Ailson - Estou aqui (no Rio de janeiro) desde 2009, todos moram em Manaus, mas meu filho vive aqui no Rio, nasceu aqui, e meu outro filho mora em Manaus, e fica longe da família, então, todo dia dá vontade de ir embora. Fico dividido entre esporte e família, mas vou levando (risos). Aí, se vou embora deixo o remo e meu filho; e lá (Manaus) tem meu outro filho e família (risos), mas não tem o meu primeiro filho e o remo, então, vou administrando. Às vezes vou para Manaus, e quando não dá, eles vêm aqui. No dia 31 de março tem a primeira regata do Estadual, e dia 11 a 14 de abril, o Brasileiro de barcos curtos e seletiva Nacional, e no Estadual vou correr o ‘4 sem’, peso leve, e o ‘2 sem’, Sênior. As duas provas tem no Pan, são meu foco. 

AC - E você já teve algum apoio do Amazonas?

Ailson - Não. Se teve alguma coisa foi da detecção do remo. E quando vou passar um tempo em casa, eles sempre deixam eu treinar, mas do Estado, não que eu lembre. Por isso, fica difícil ficar, bem que eu queria treinar em Manaus sempre e ter um apoio. Se tivesse incentivo, o Estado seria o mundo do remo. O pessoal parece que nasceu para esse esporte. Tenho dois irmãos, e eles eram melhores do que eu, conheci muitos que pararam por falta de incentivo. Poderia ser diferente. No Botafogo, tem a ajuda de custo, almoço, café da manhã, jantar, e eu moro no clube. Também tem escola, faculdade, mas ainda não faço faculdade.

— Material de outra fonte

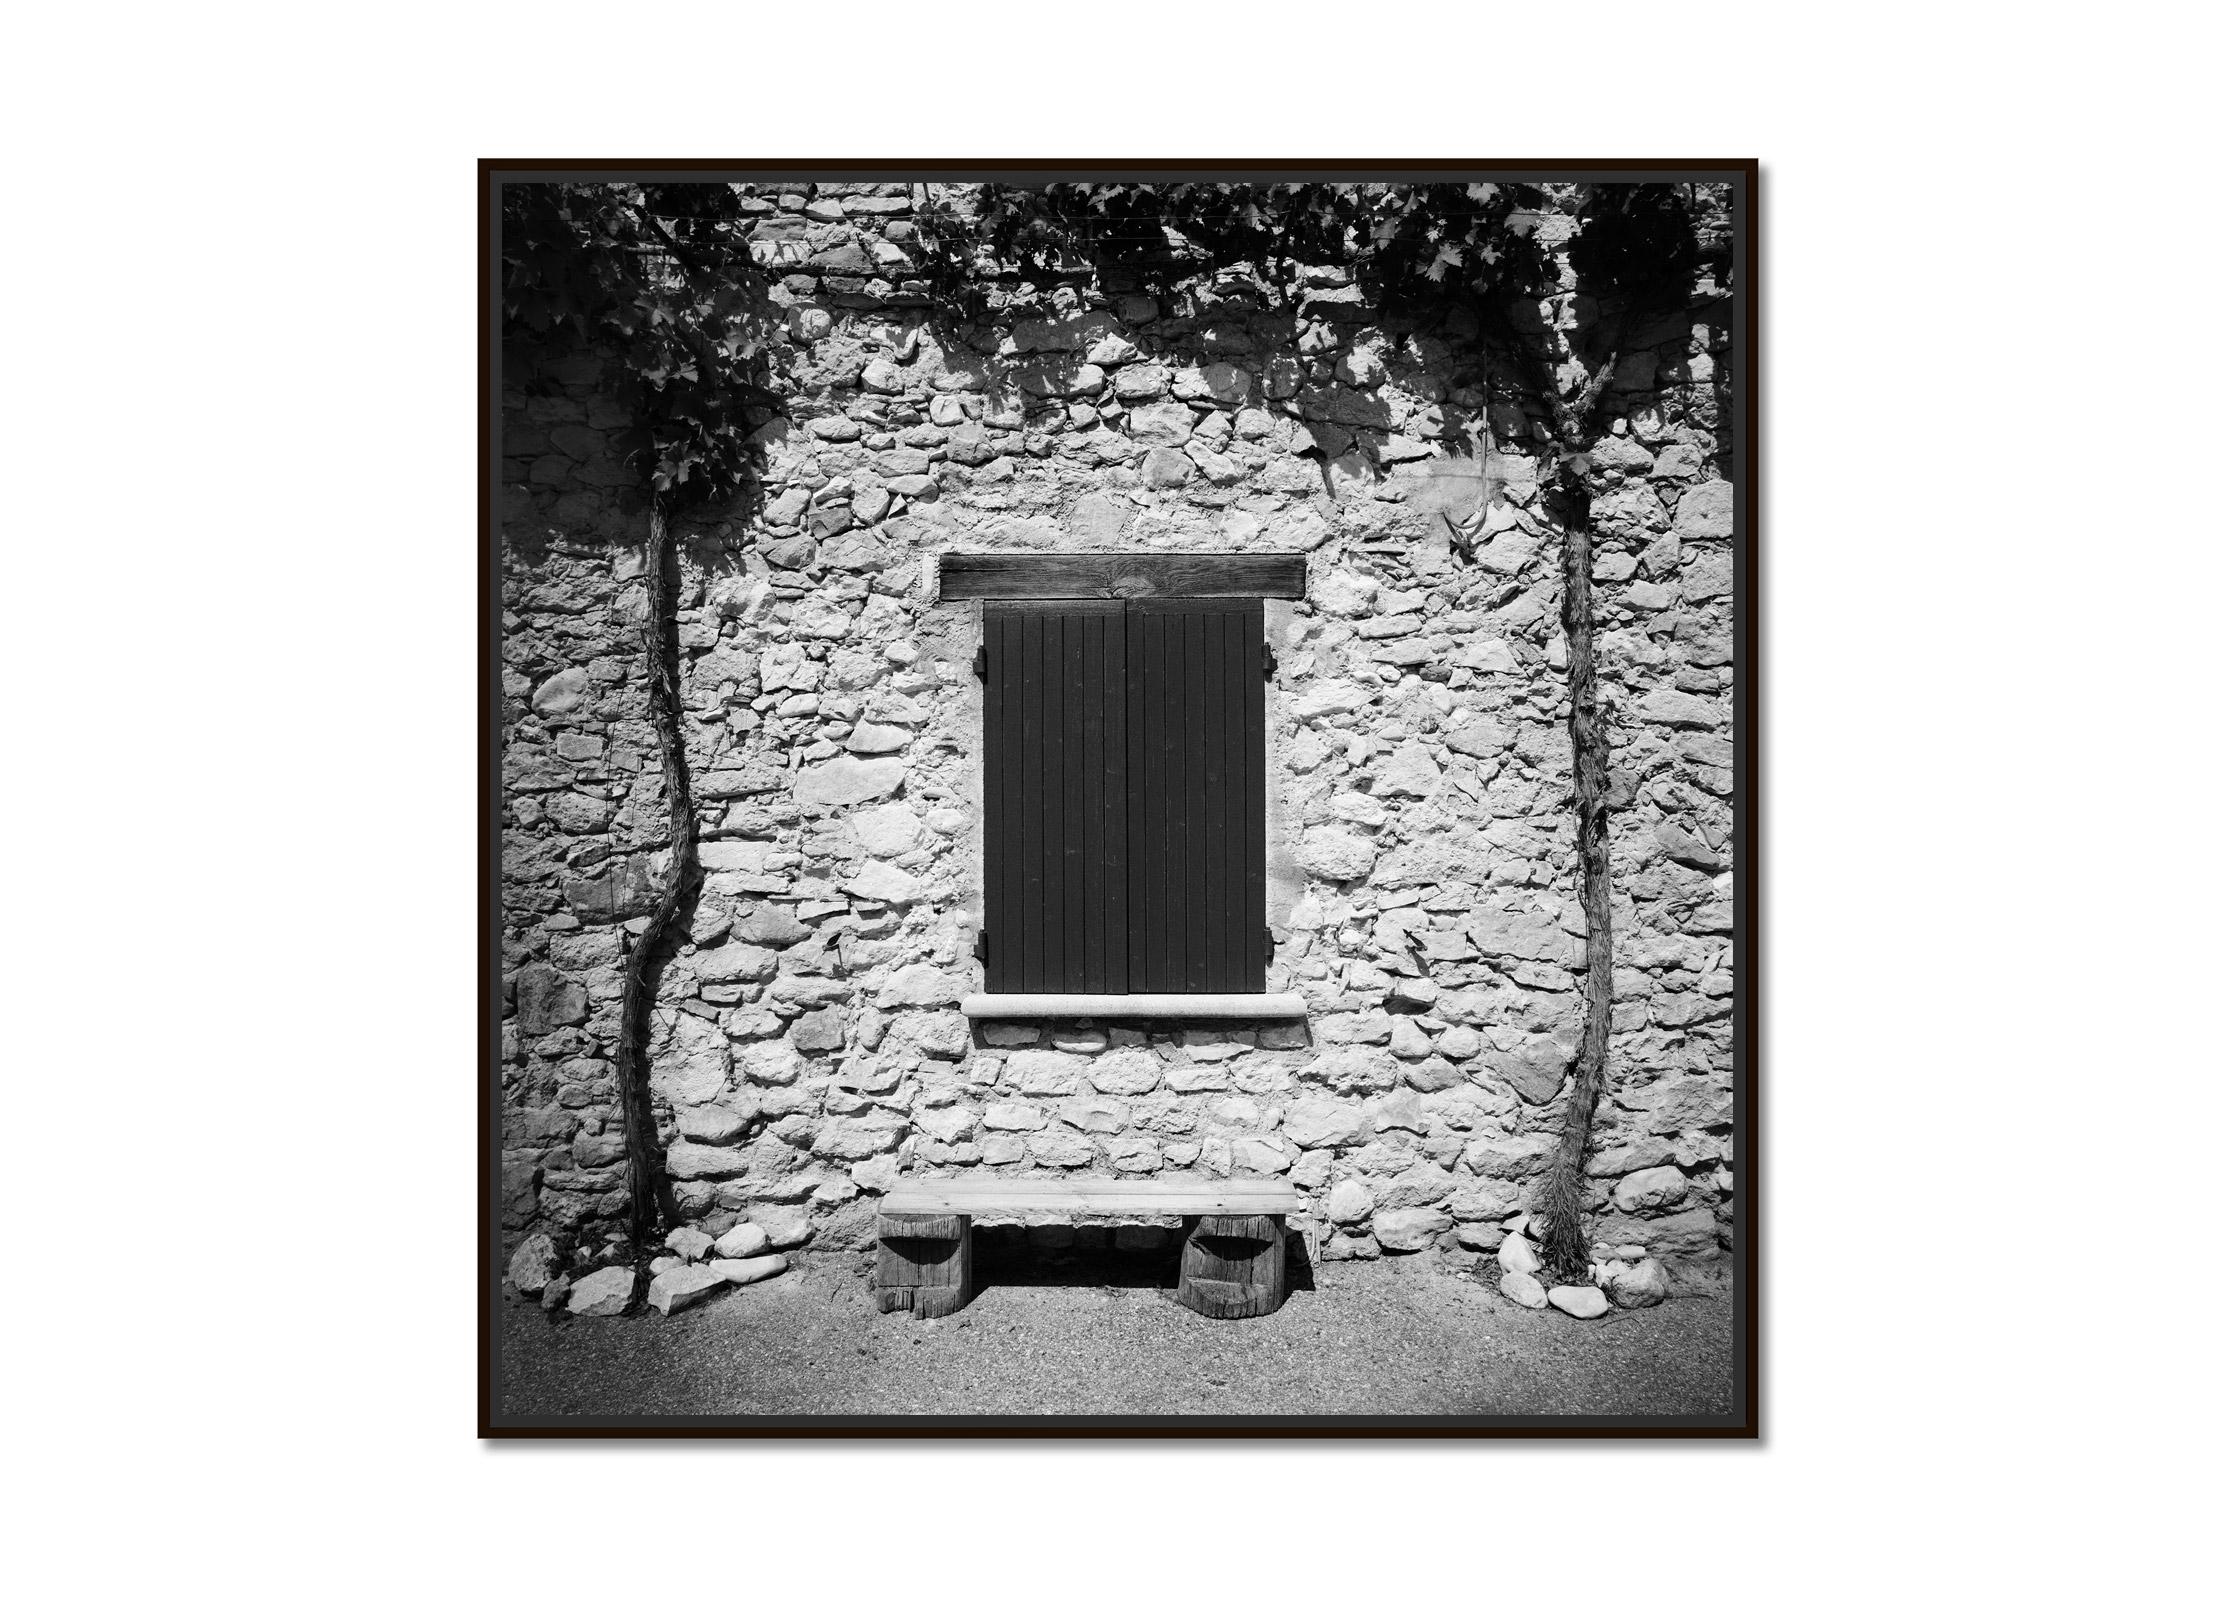 Omas Bench, stone House, France, black and white landscape, fine art photography - Photograph by Gerald Berghammer

AC - Você pretende fazer faculdade? Qual seu plano para o futuro?

Ailson - Quero fazer faculdade e continuar no meu mundo, mundo do remo. 

AC - Você realmente conquistou muitas vitórias pelo Botafogo. Como se sente por fazer parte da história do clube e seguir sendo um dos principais atletas?

Ailson - Essa é uma resposta que não tenho. Não sei explicar, só sinto orgulho em começar tudo, e orgulho por ainda estar escrevendo essa história porque ela não acabou ainda.

Frase

“É difícil fazer esporte de altorrendimento, mas é gostoso estar nesse sofrimento”, Ailson Eráclito, atleta amazonense de remo, que representa o Botafogo (RJ) e o Brasil nas principais competições da modalidade, desde 2009.